Le puliva, là stesso, alla bell’e meglio (senza troppe fisime, e non sono morta), e io le mangiavo. Credo di non aver mai più assaggiato fragole così buone. Non so se è la suggestione del ricordo o il fatto che fossero coltivate senza aggiungere nulla che non fosse naturale, ma erano le più buone.

Quel sapore è un ricordo che mi è rimasto, io che della mia infanzia ho conservato pochi particolari, come se la mia memoria fosse quella di un pc resettato per fare posto ad altre informazioni. E quel ricordo quasi unico mi è tornato in mente poche settimane fa, ho quasi risentito il sapore di quelle fragole. Perché nella Palermo della munnizza e dei parcheggi in doppia fila, dell’ignavia e del minnifuttu, c’è anche chi sceglie di togliere la cravatta, di riporre il tailleur nell’armadio, indossare le calosce e andare a coltivare l’orto.

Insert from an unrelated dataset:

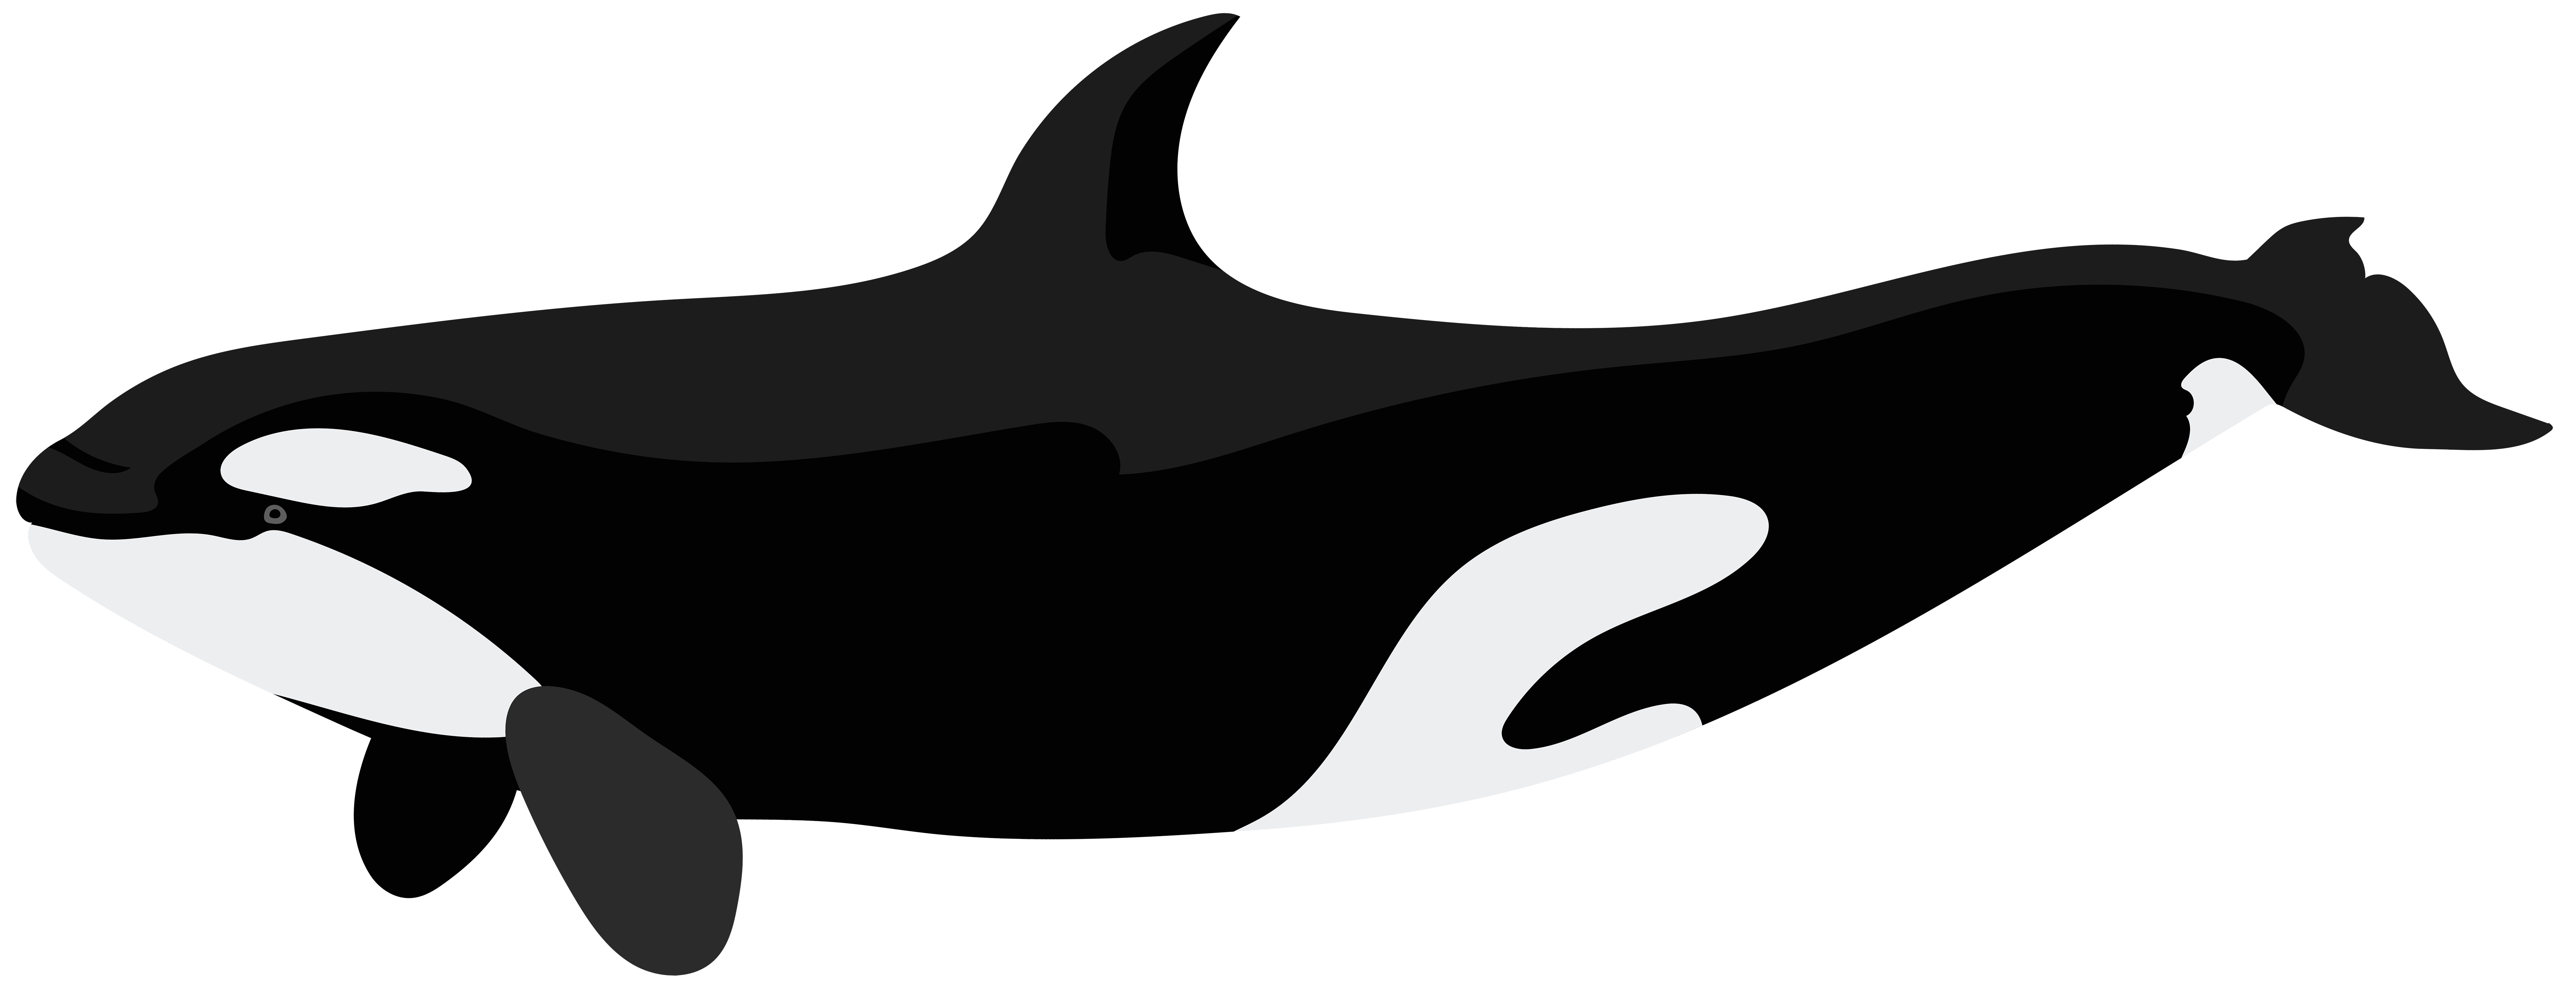 orca clipart

Oltrepassando il cancello di Villa Spina, in via dei Quartieri, a due passi dal caos e dal traffico, attraversi un lungo viale. E più ti inoltri, più inizi a respirare un’aria diversa. Sembrerà banale, ma per me è stato così. Alzi gli occhi e al di là della recinzione in fondo vedi sfrecciare le auto davanti alla Palazzina Cinese. Ma basta tornare a guadare quei piccoli fazzoletti di terra per tornare un po’ bambina. In un altro posto, senza tempo. E non importa se ti stai sporcando le scarpe nuove, mentre stai attenta a non schiacciare un piccolo germoglio che il tuo occhio non allenato non sa riconoscere.

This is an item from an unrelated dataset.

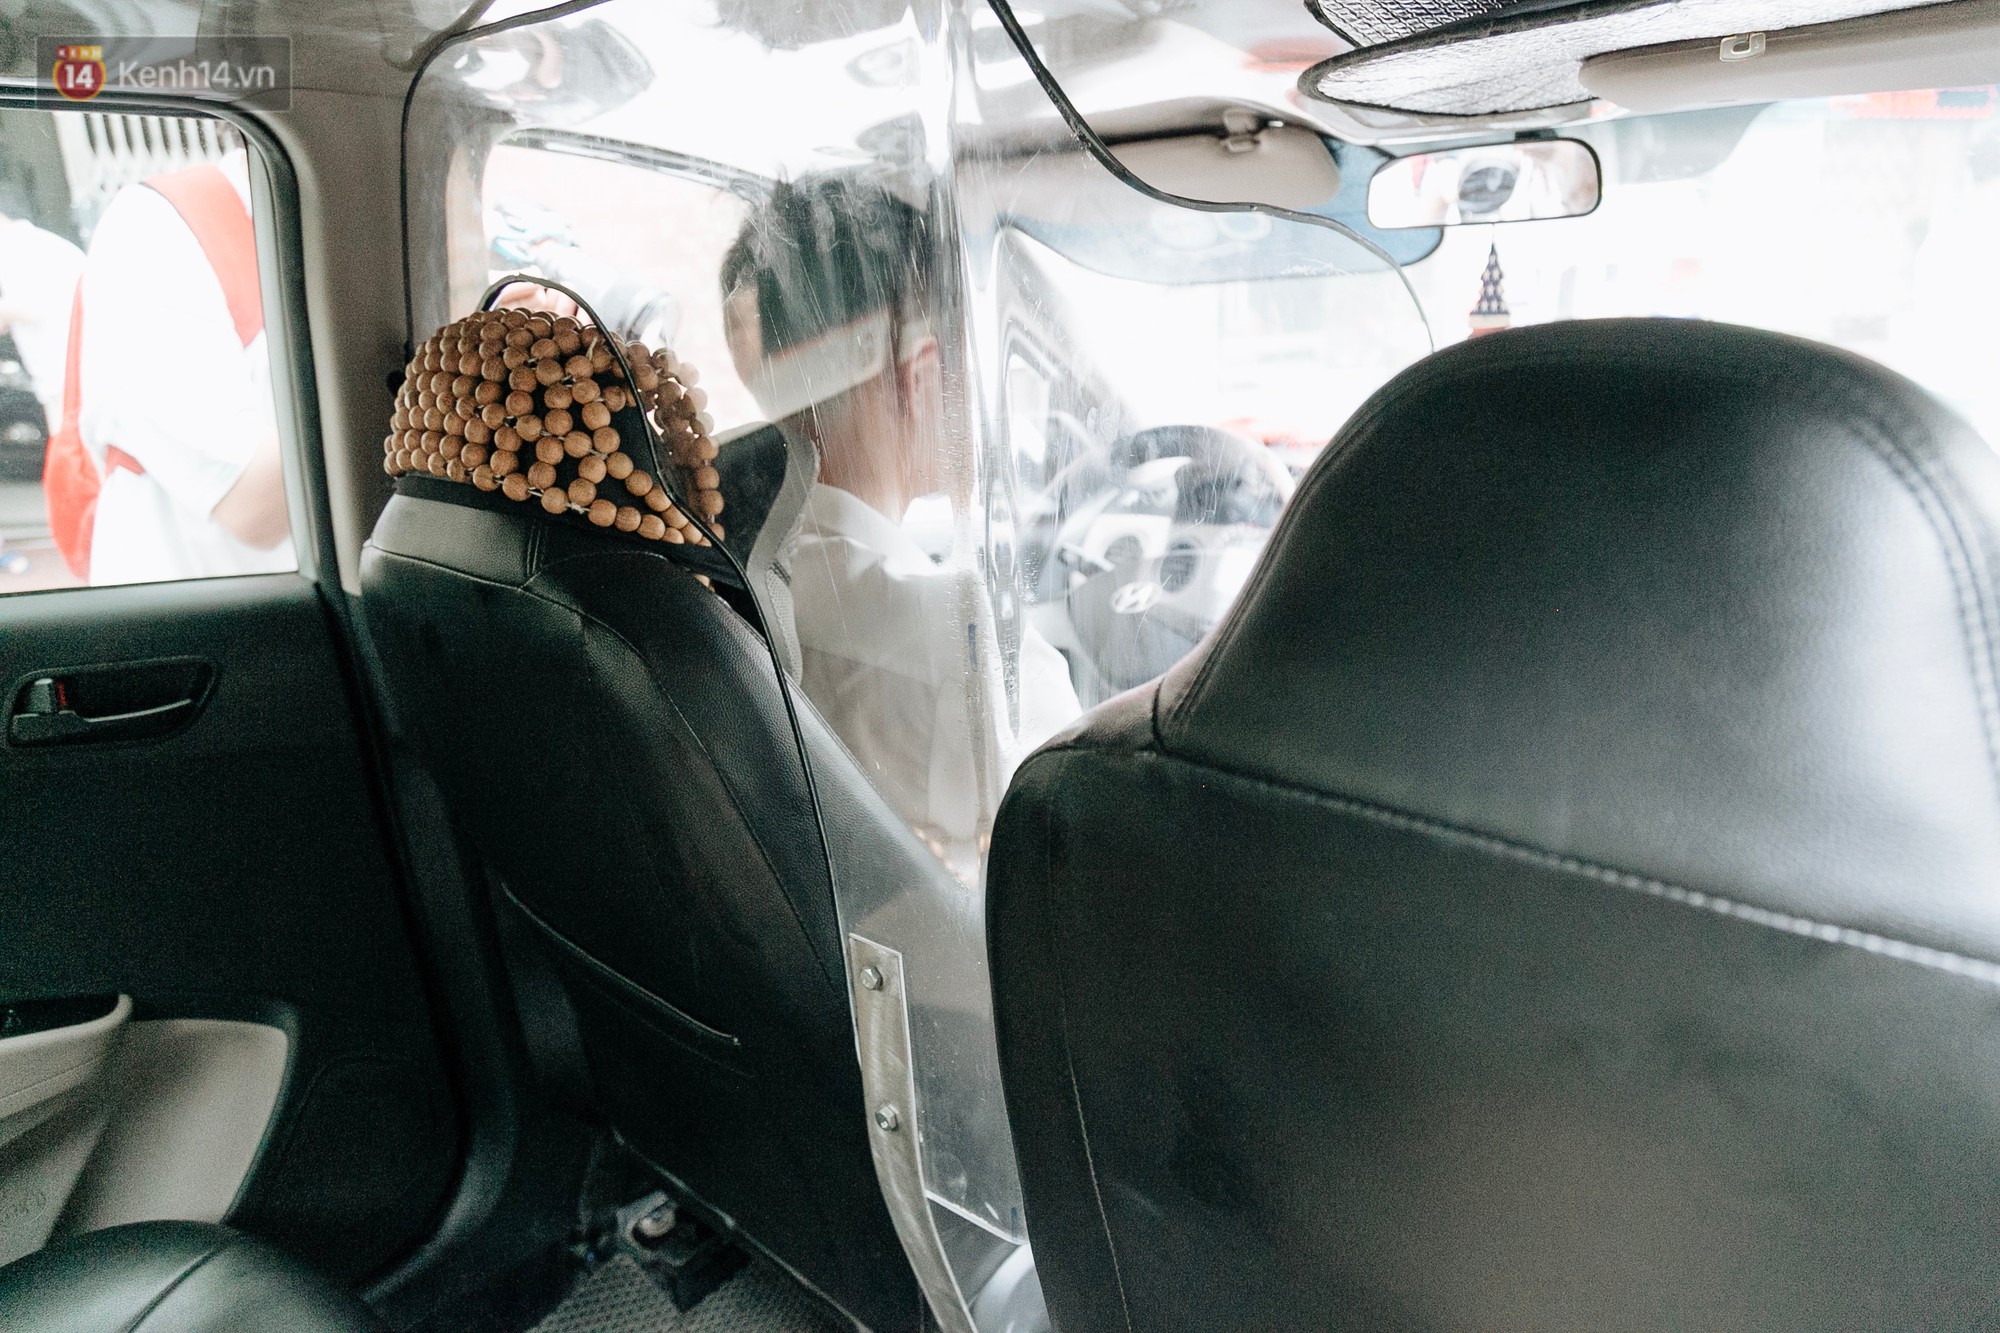 Người thiết kế vách ngăn bảo vệ cho tài xế taxi ở Hà Nội: Mình quan tâm nhất là tính mạng của họ, vì mình cũng từng là tài xế!-7

Ci sarà un motivo se chi ha avuto quest’idea, ossia Fausto Terranova, li ha chiamati “Gli orti delle Fate”. Sono “orti condivisi”, un piccolo fazzoletto di terra assegnato dopo qualche mese di attesa perché le richieste fioccano. Accanto un altro, e un altro, e un altro ancora. Presi in affitto da chi non fa il contadino ma di mestiere fa tutt’altro, come il giornalista o l’architetto. Ciascuno pianta quello che desidera, ci si scambiano consigli, ci si ingegna contro i piccioni, si benedice la pioggia e si maledicono le lumache. I primi orti condivisi sono nati a Boccadifalco, dove oggi chi ha un orto può anche prendere in affitto un piccolo pollaio. Poi pian piano l’iniziativa si è allargata, oggi sono un centinaio. L’imperativo è biologico: niente antiparassitari o diserbanti.

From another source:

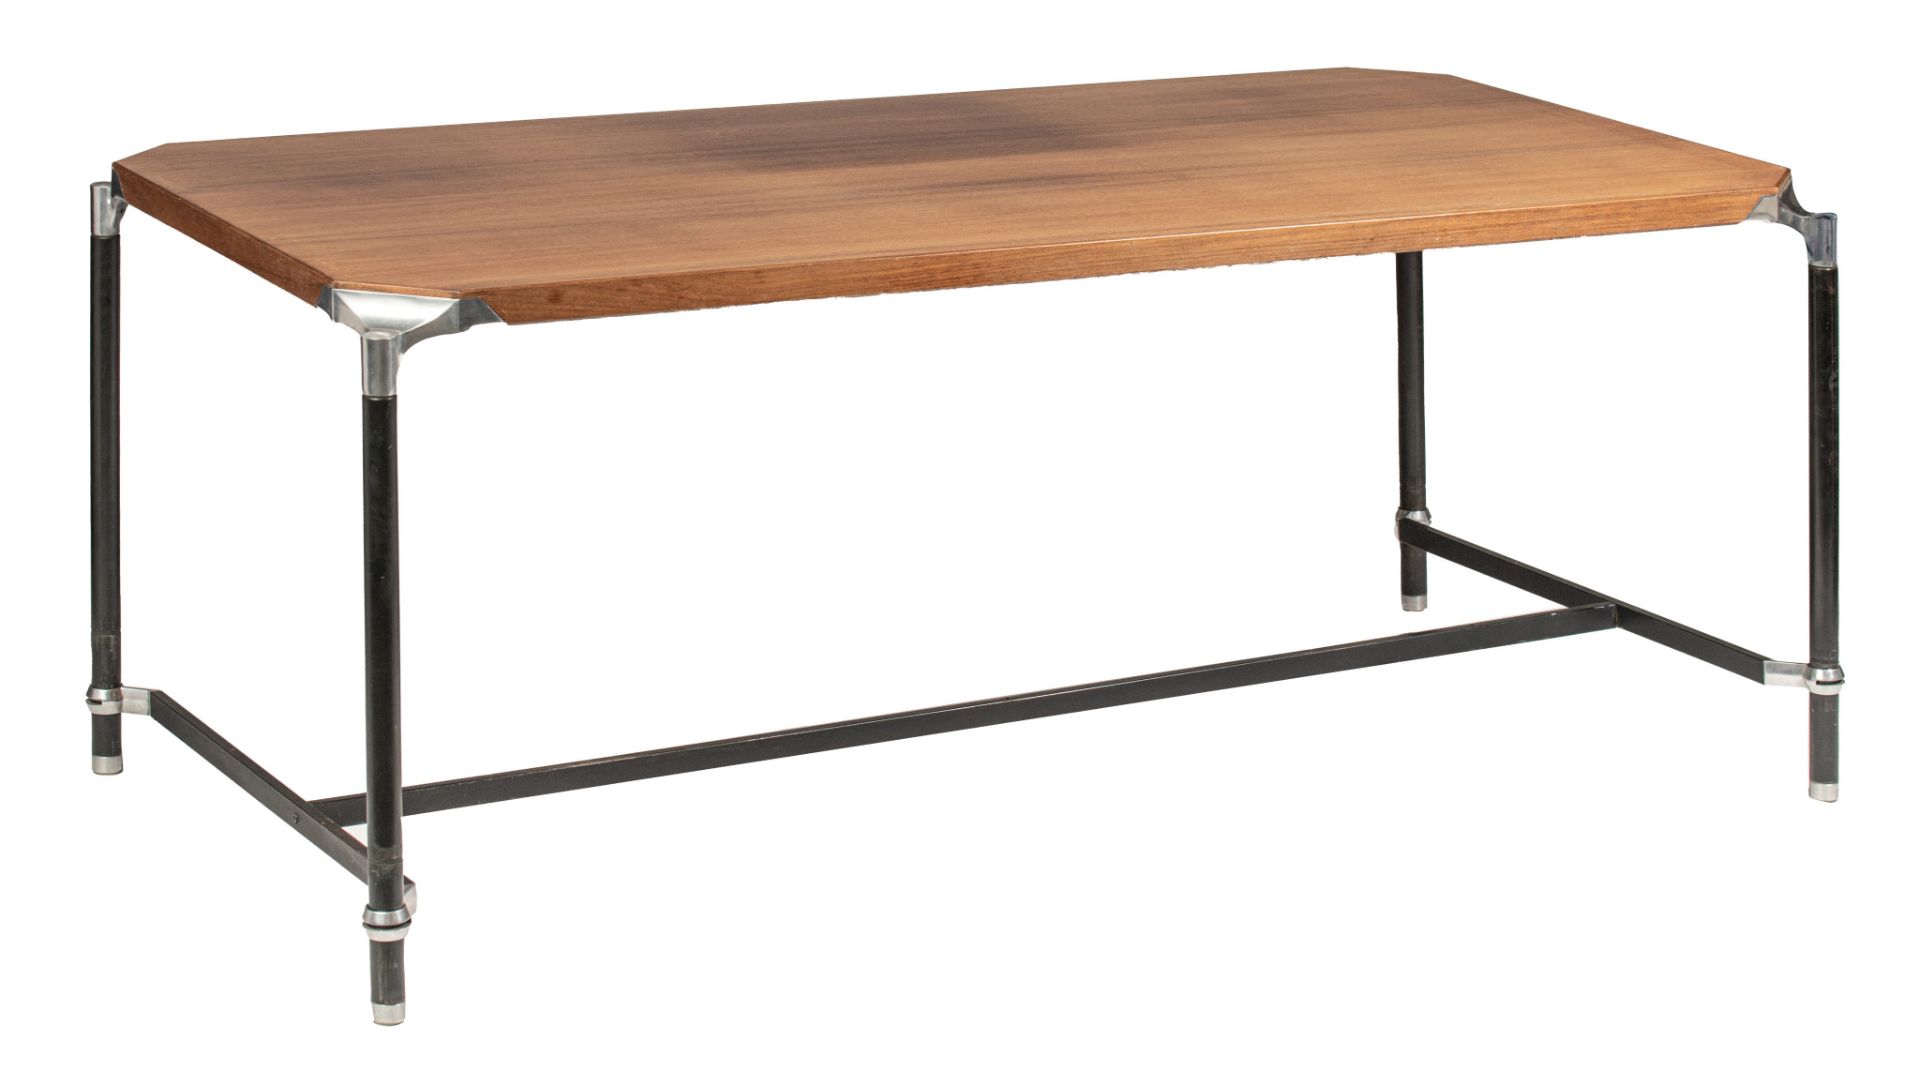 An Italian design model Urio desk table, Ico & Luisa Parisi for M.I.M. Roma, '60s, H 74 - W 180 - D

E io che la frutta la compro al supermercato già nel cellophane, io che al mercato distinguo a malapena gli spinaci dalle cime di rapa, sono rimasta estasiata. Dalla passione con cui chi ha scelto un orto ci si dedica, sacrificando sabati e domeniche.  Dall’impegno e dalla perseveranza di chi studia, si documenta, zappa e strappa erbacce, si fa i calli sulle mani.  Dall’orgoglio di chi porta in tavola i piselli che ha visto spuntare a fatica. Dalla riscoperta del significato di termini abusati come biologico e chilometro zero. A riprova del fatto che anche Palermo ha un’anima, green in questo caso.